Tuesday November 22 2016
imperial

Imperial Bank depositors protest outside the lender’s headquarters in Nairobi. The bank shareholders had moved to court to save it from liquidation. PHOTO | FILE

Imperial Bank’s shareholders, depositors and the Central Bank of Kenya are divided over a recent ruling by the High Court that if implemented will have far-reaching consequences on how receiverships will be handled.

Last week, High Court Judge George Odunga ordered CBK and the Kenya Deposit Insurance Corporation (KDIC) to consider proposals for reviving the collapsed bank.

But CBK says this was not part of the ruling, with a new set of shareholders now moving to court, further complicating the prospects of a deal.

A lobby group of 50 depositors not associated with the original Imperial Bank depositors say they intend to file a lawsuit demanding the release of information relating to the collapsed bank and all funds to depositors by KDIC.

And the Imperial Bank lobby group distanced itself from this new group.

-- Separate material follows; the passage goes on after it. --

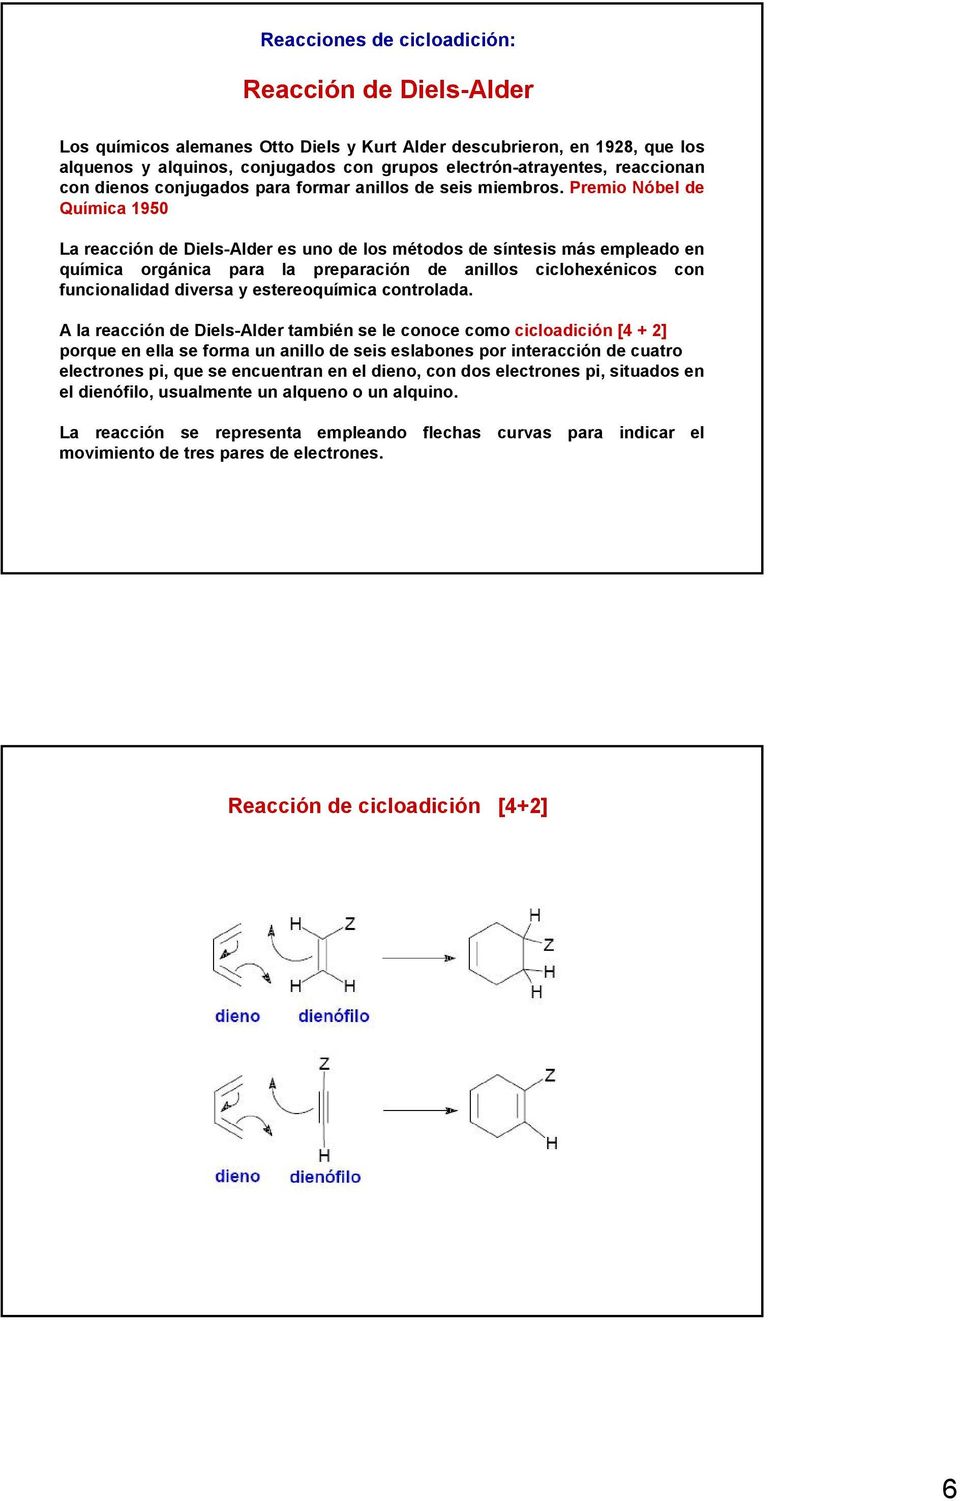 Premio Nóbel de Química 1950 La reacción de Diels-Alder es uno de los métodos de síntesis más empleado en química orgánica para la preparación de anillos ciclohexénicos con funcionalidad diversa y

“We have not been approached by the said depositors and do not endorse their approach. Our lobby group represents the highest number of depositors. We still strongly believe that CBK has no intentions of liquidating IBL and have not seen any evidence to suggest that. If the situation changes, we will re-assess and act accordingly,” said the lobby’s chairman Mahmood Khambiye, adding that from the previous communication from CBK, it seems to have intentions of paying depositors 40 per cent of their deposits but was stopped due to lawsuits filed by shareholders and others.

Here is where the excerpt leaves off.